Patrick has been among the quickest drivers since rookie orientation began on the famed 2 1/2-mile oval on May 5. Only a bobble on the first lap of her qualifying effort kept her from winning the pole, and she will take the green flag from fourth on Sunday, the best starting position for a woman at Indy.

Patrick was fastest with a lap of 225.997 mph to lead the one-hour "Carb Day" practice on Friday, the only time the cars got on the track during the week between the end of time trials and the start of the race.

She follows Janet Guthrie, Lyn St. James and Sarah Fisher to the Indianapolis Motor Speedway, needing only to finish eighth or better to improve on the best previous finish by a female - ninth by Guthrie in 1978.

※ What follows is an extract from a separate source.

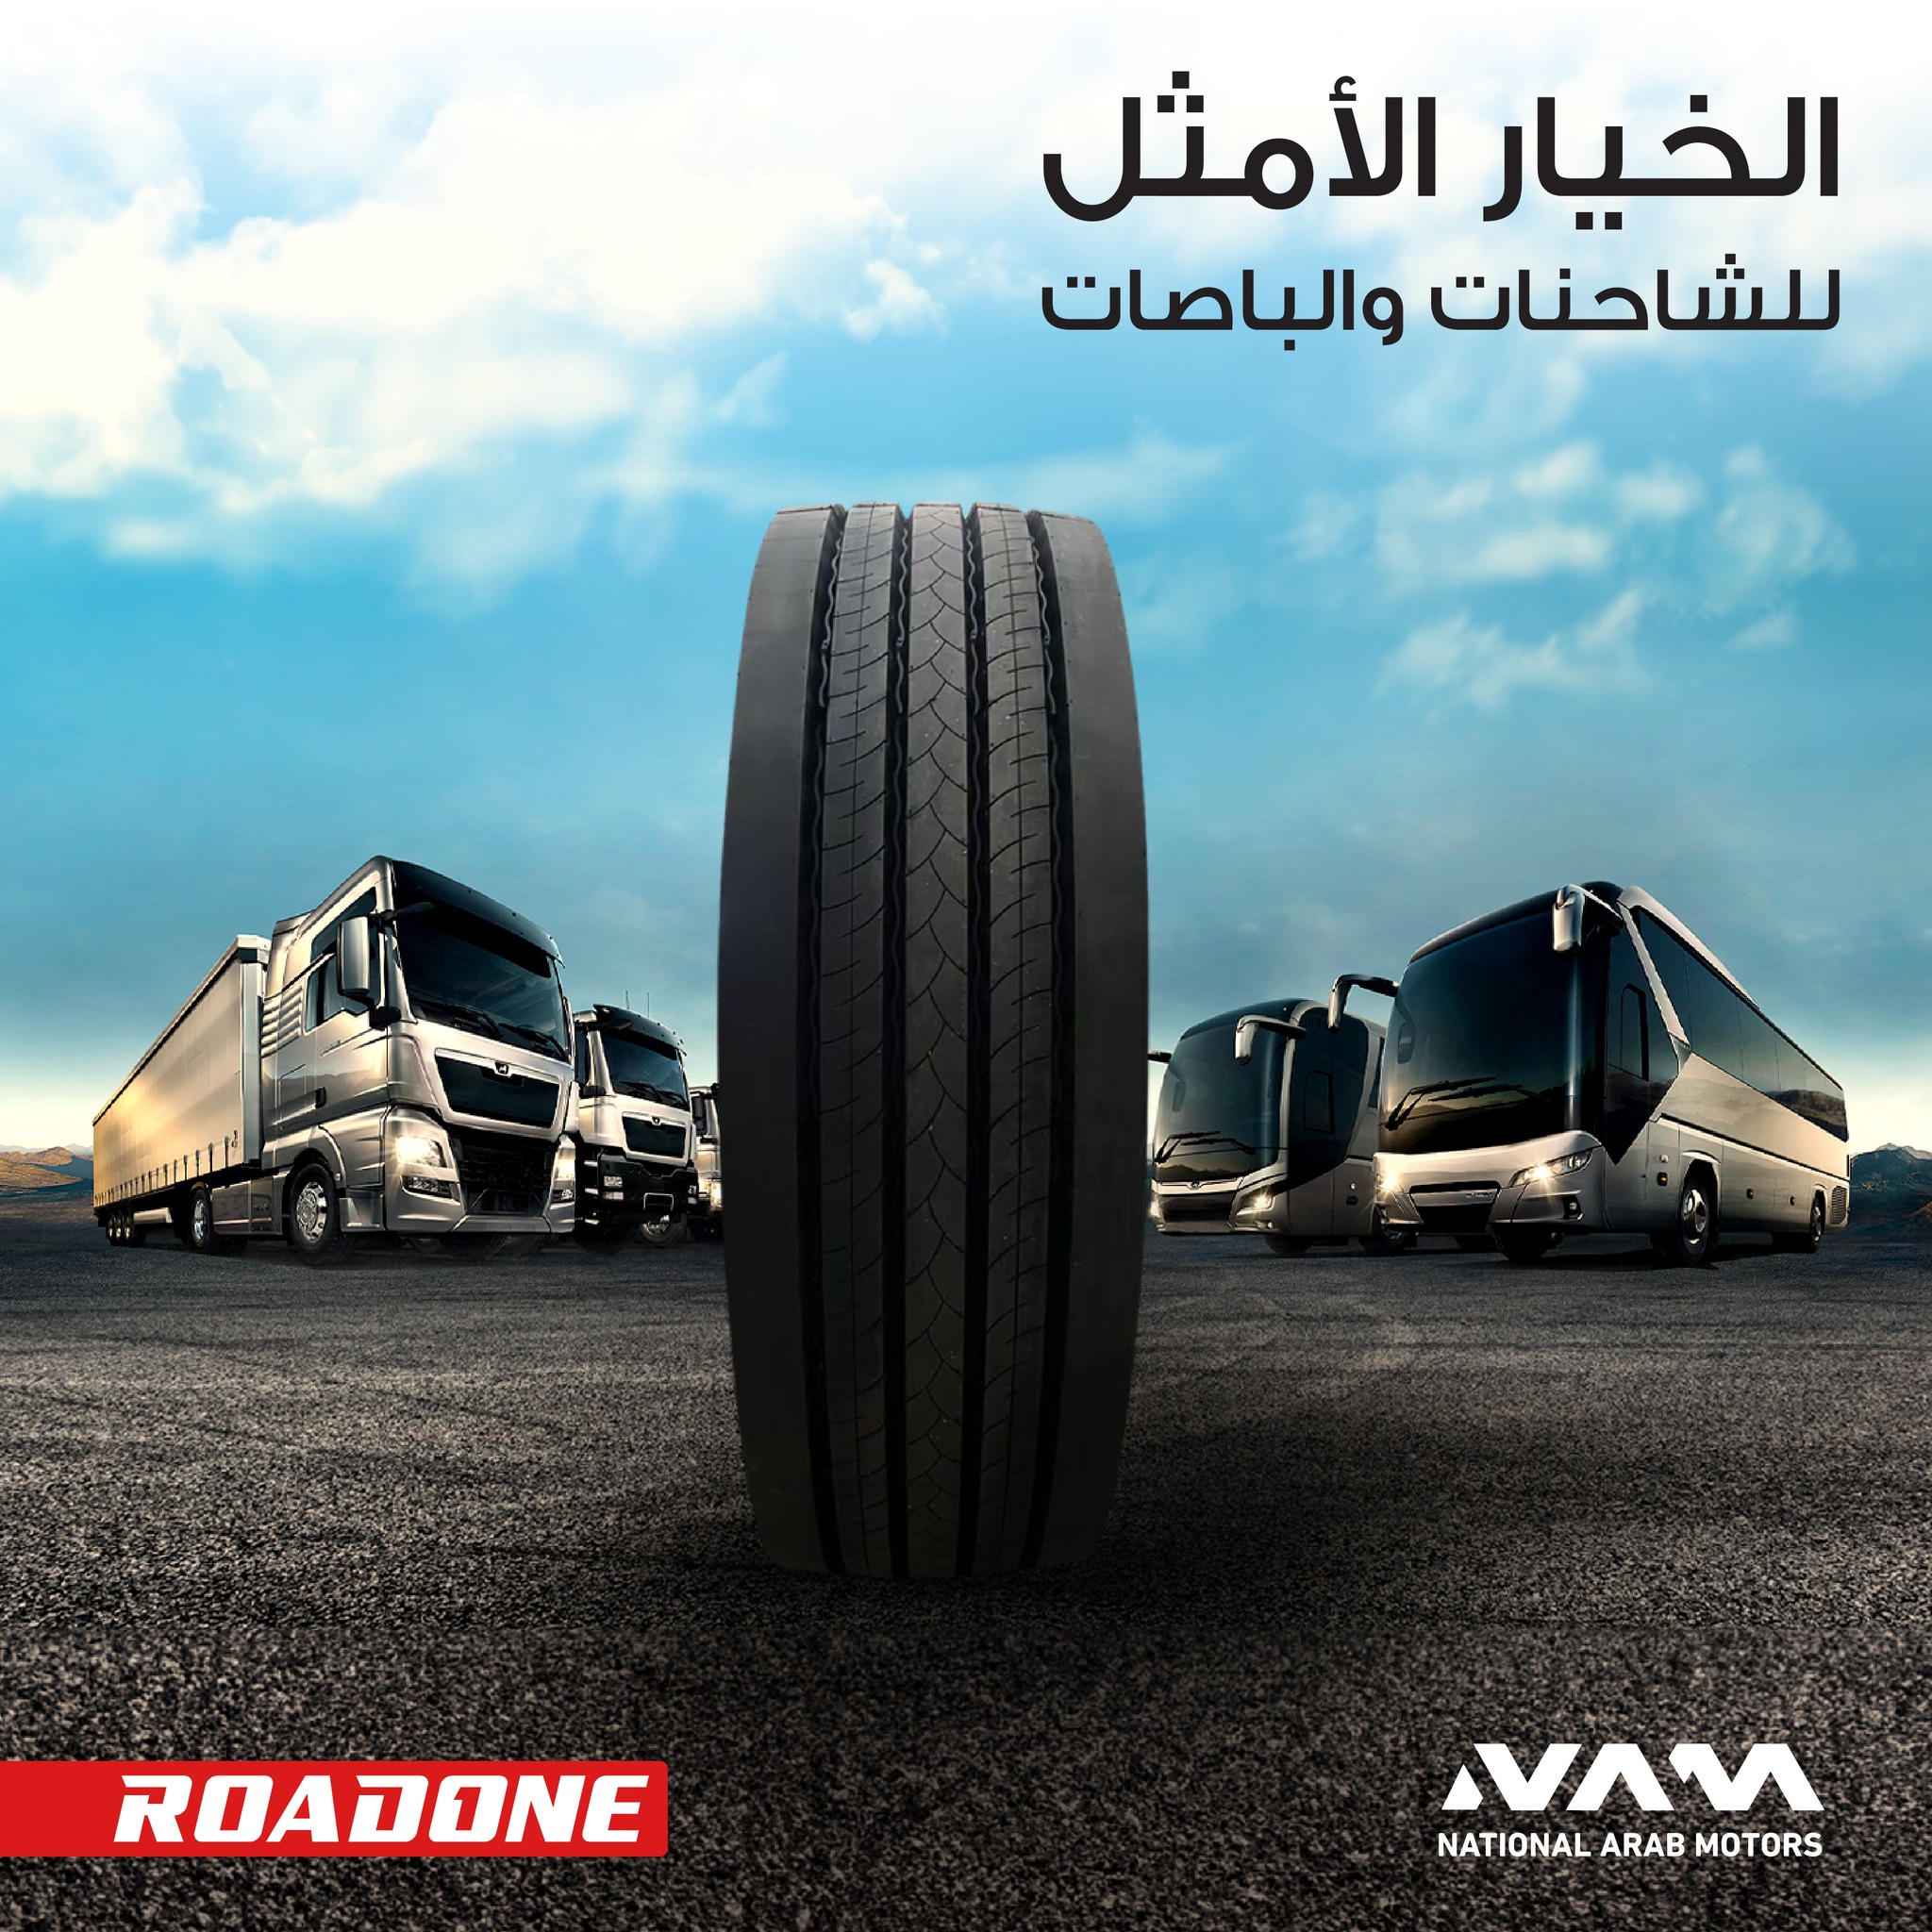 الشركة العربية الوطنية للسيارات وكيل اطارات رود وان للشاحنات

Patrick, however, is not focused on simply finishing in the top 10 or just staying out of trouble.

"I think I have a great chance of winning this race," the confident Patrick said.

Driving the 650-horsepower IndyCars for the first time this year, Patrick has improved in each of the first four IRL races, culminating in an impressive fourth place last month in Japan.

At Indy, she has been nothing less than a phenomenon.

Patrick would not be the first rookie to win here, although certainly among the least experienced.

Juan Montoya was the defending champion of the rival CART series when he won here in 2000, and Helio Castroneves was a two-year regular in CART and winner of three races before he took the checkered flag as an Indy rookie in 2001.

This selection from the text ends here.